Later today Mr Goldsmith will join the membership of David Cameron's new environment and quality of life policy group. The image on the right comes from last Saturday's Guardian.
This profile has been helped by the fact that Mr Goldsmith was profiled in two national newspapers last weekend - last Saturday in The Guardian and then by Jasper Gerard in The Sunday Times.
Stuart Jeffries of The Guardian described him as the best-looking Tory he'd ever interviewed. Born in 1975 and educated at Eton, he is the heir to Jimmy Goldsmith's £300m fortune and an enthusiastic poker player. He lives in Devon with his wife and three children. But what do we know of Mr Goldsmith's political views?
Like his father, James Goldsmith of The Referendum Party, Zac is a Eurosceptic. He sits on the board of Bill Cash's European Foundation with David Davis.
The Guardian: "He is hostile to big government and transnational corporate interests, and friendly towards local free-market systems favoured by rightwing American outfits such as the Cato Institute.
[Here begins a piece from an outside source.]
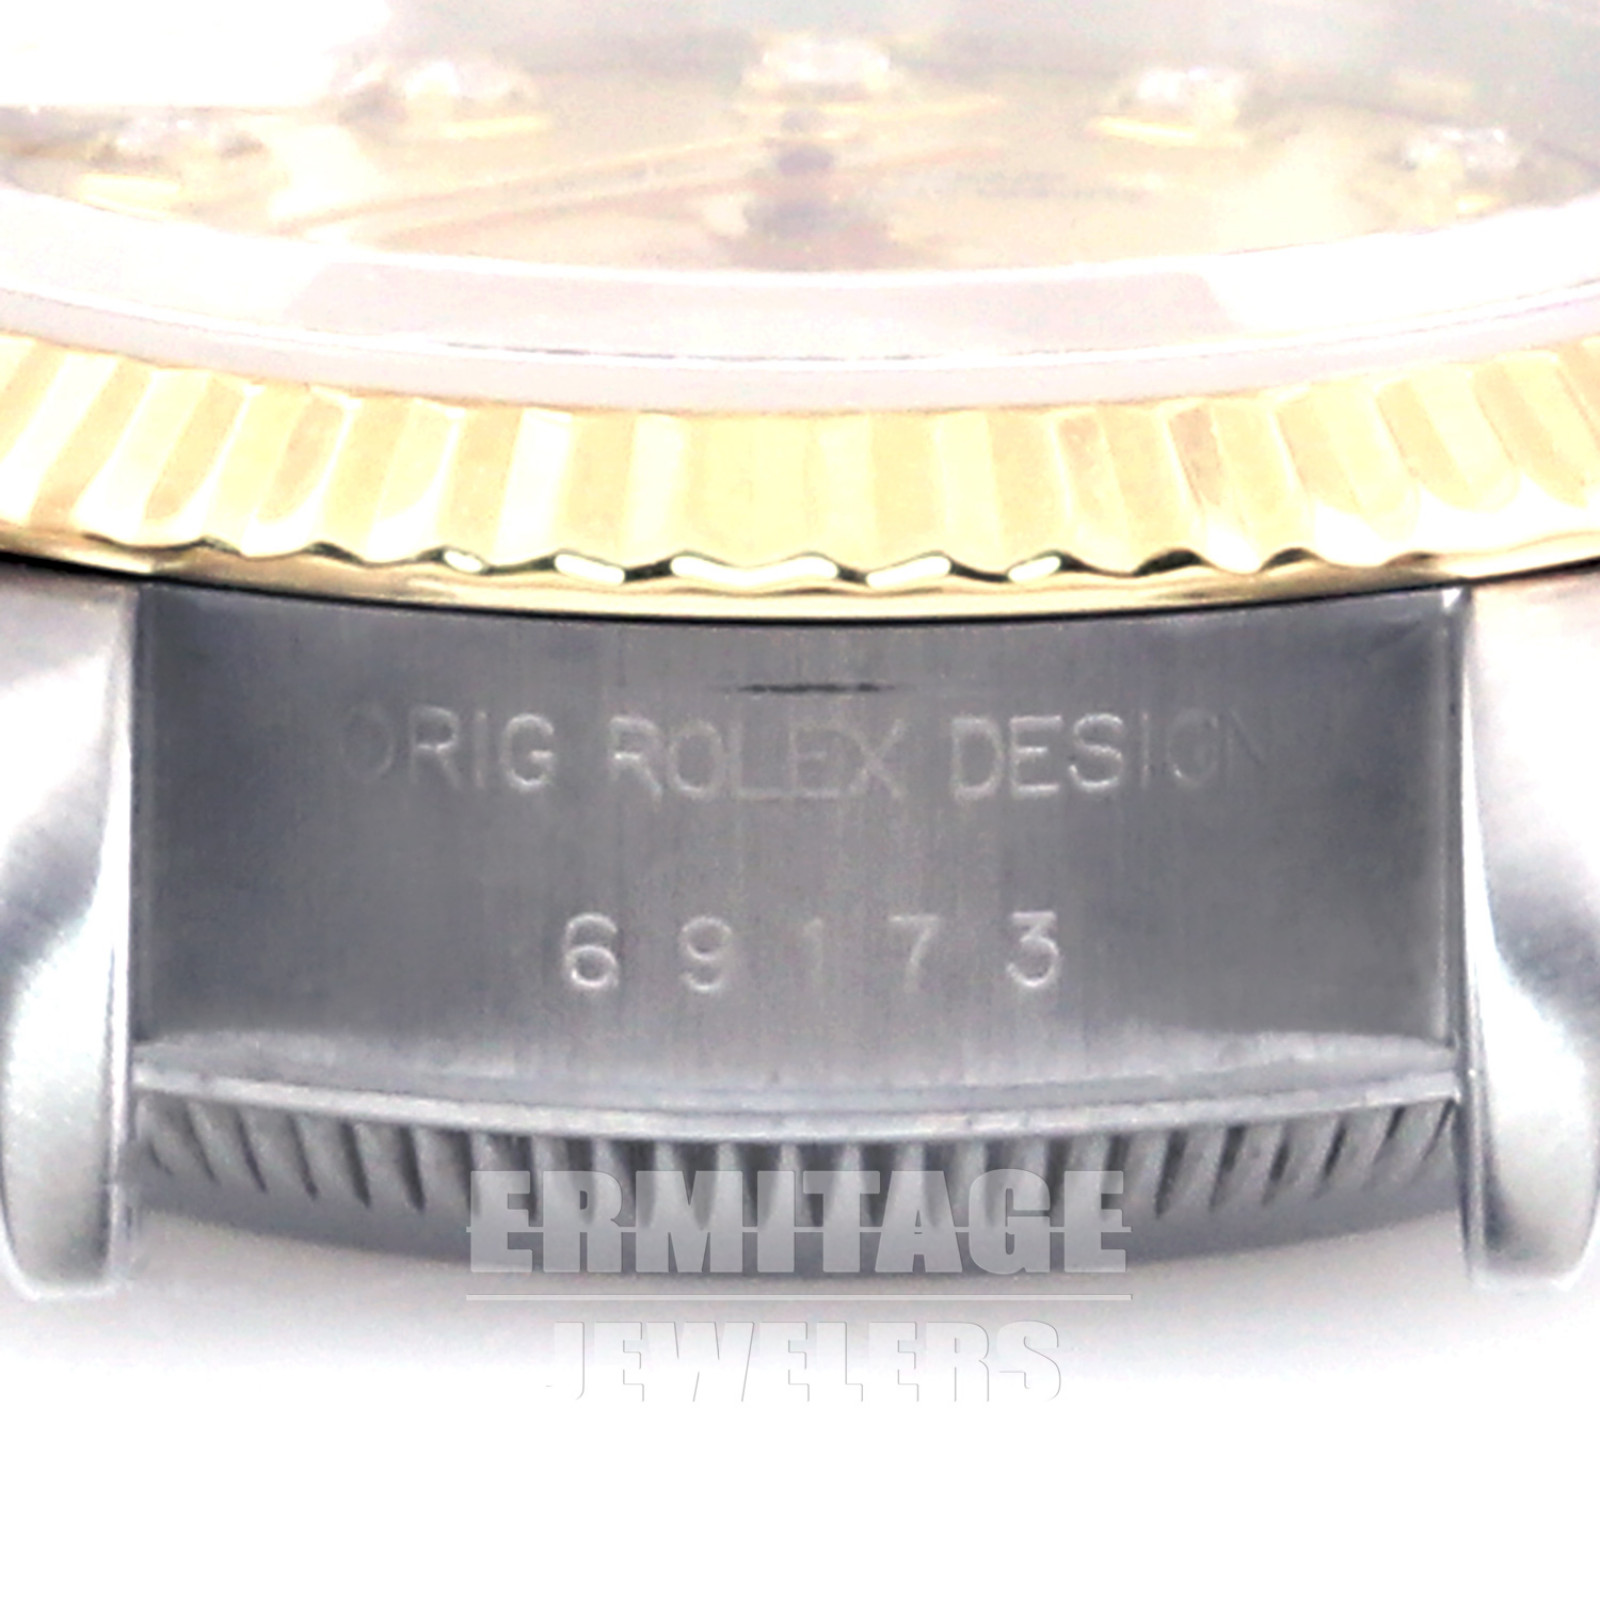 Ladies Rolex Datejust 69173 with Champagne Dial

It's a philosophy that led him to fund groups taking on GM crops, industrial agriculture and nuclear power, to tilt at the EU and to eulogise Switzerland, where true democracy, he argues, was shown to work last weekend when an anti-GM referendum was passed."
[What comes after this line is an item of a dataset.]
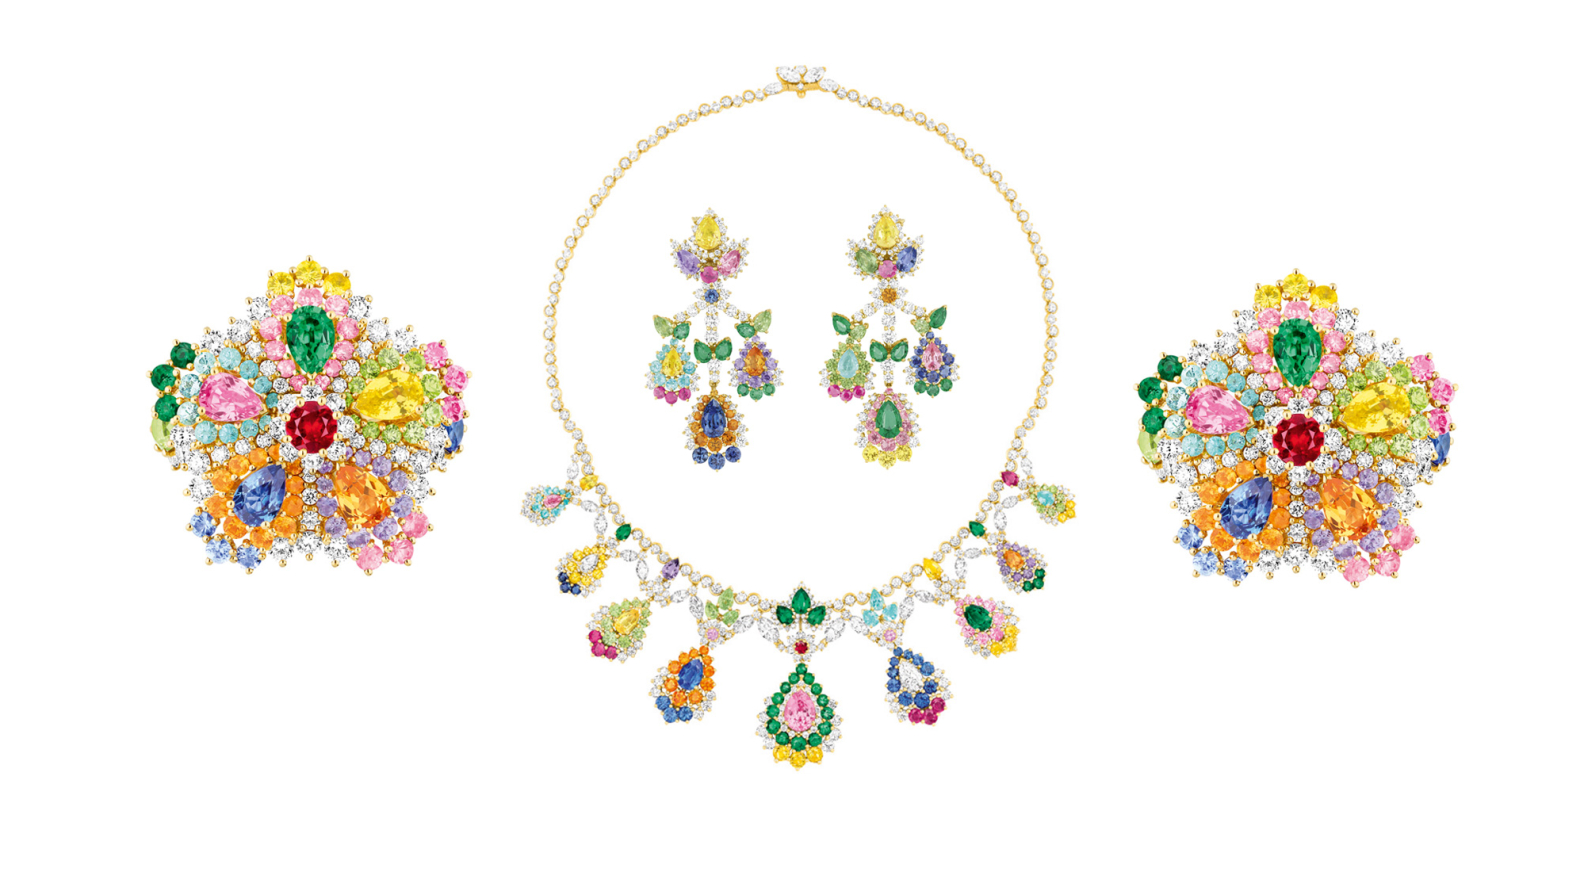 Chaumet, Dior Joaillerie, Louis Vuitton and Bulgari unveil new high jewelry  collections - LVMH

Opposition to nuclear power is certainly one of his strongest beliefs. He opposes nuclear energy on health and security grounds. He suggests that cancer rates around Sellafield are eleven times greater than the national average. Noting that Greenpeace broke into Sizewell B two years ago, he talks about the "huge security risk" of nuclear energy.
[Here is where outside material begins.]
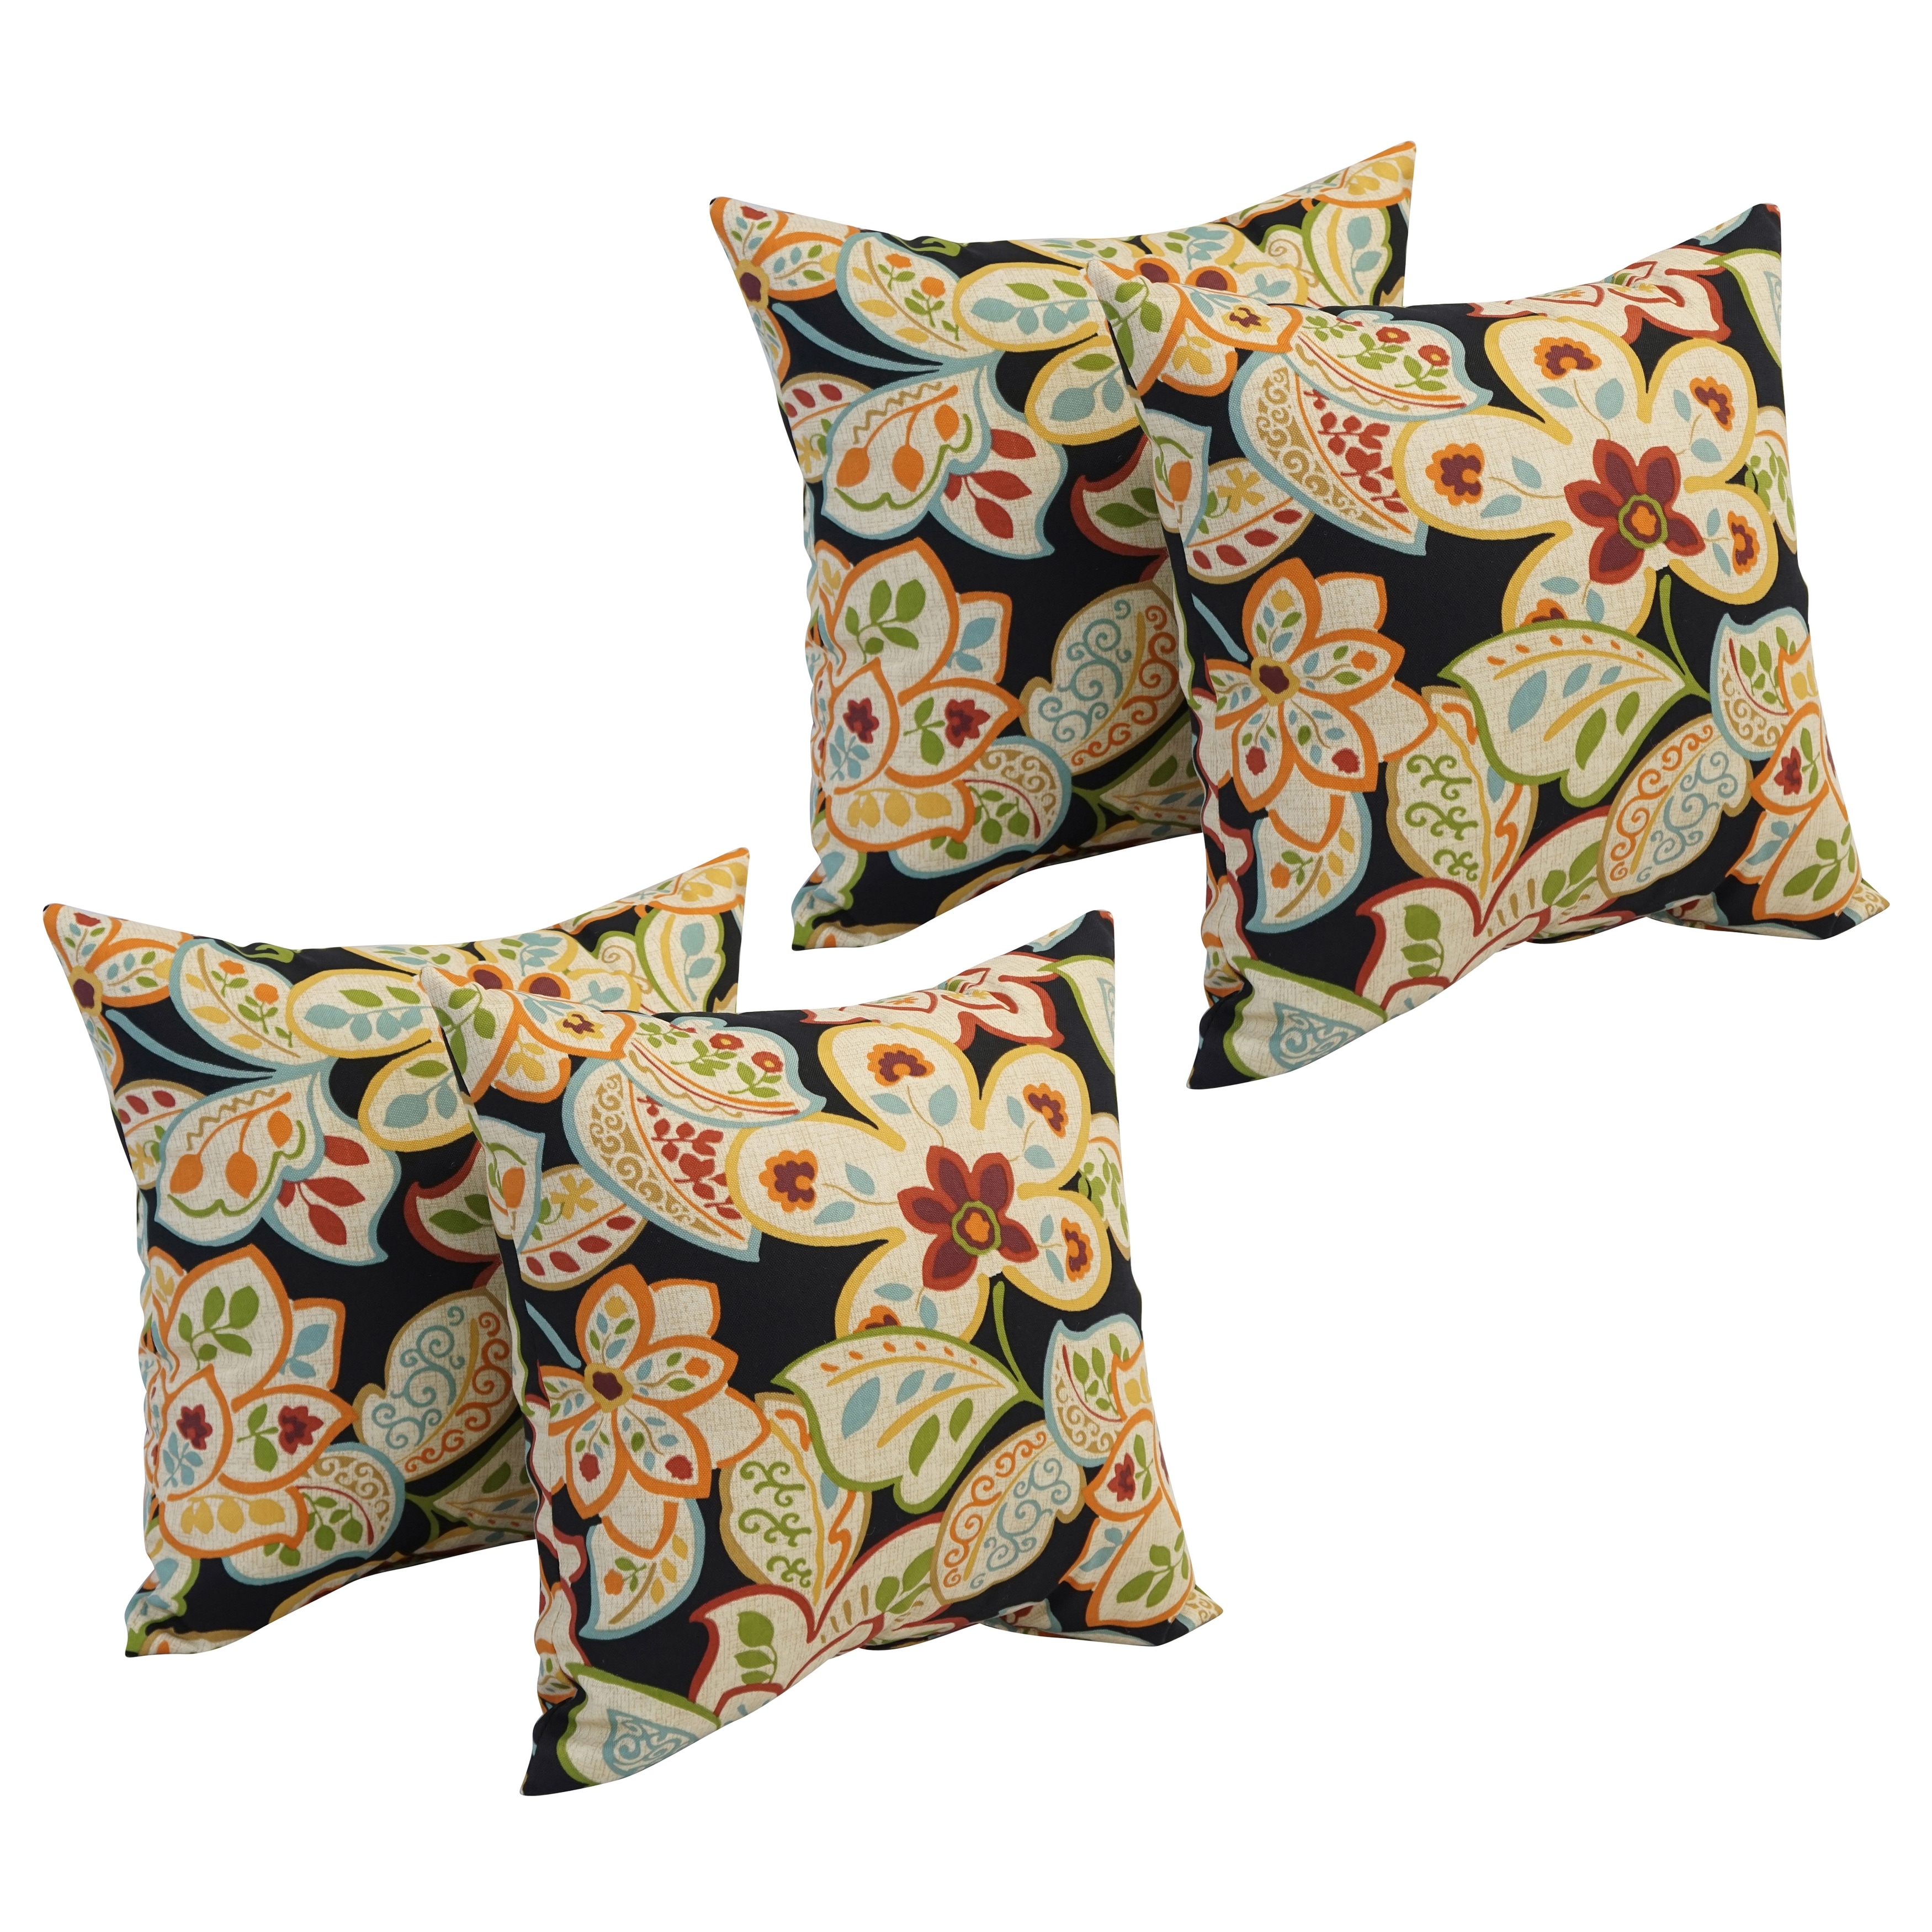 https://ak1.ostkcdn.com/images/products/is/images/direct/513be7b1858c786ccac4ef6fedd7fd0570ceb108/17-inch-Square-Polyester-Outdoor-Throw-Pillows-%28Set-of-4%29.jpg

He advocates a levy on airline fuel.
Although an environmentalist he is hostile to the Green Party:
"It's not really a serious party. I don't understand them - all this stuff about revolving leaders, some of whom are very talented and others who aren't... I hate that kind of green politics that suggests people ought to live like monks. There is a problem with the green movement berating people it needs to have on side. If you live in a system of rampant consumerism, it's pointless to be continually blamed when you can't really do otherwise."
In a General Election editorial for The Ecologist magazine he explained his support for the Conservatives. This is how The Guardian noted that support: "In a leader in the Ecologist before this year's general election, he wrote: "Which of the main parties has an answer to climate change, antibiotic-resistant superbugs, the rural crisis, collapsing fish stocks?" A vote for the Labour party was a vote for the status quo, he said, while the Lib Dems were "an authoritarian party with a big-government, legislative answer to every problem". Which left the Tories, who, Goldsmith contended, had made useful suggestions, such as referendums on local planning issues.
12.35pm, 14th December 2005: VOTING FOR ZAC GOLDSMITH HAS NOW ENDED AND HE BECOMES OUR FIRST NOMINEE FOR THE GOLDLIST... BUT ONLY JUST. HE RECEIVED 130 POSITIVE VOTES (50%) AND 122 NEGATIVE VOTES (47%).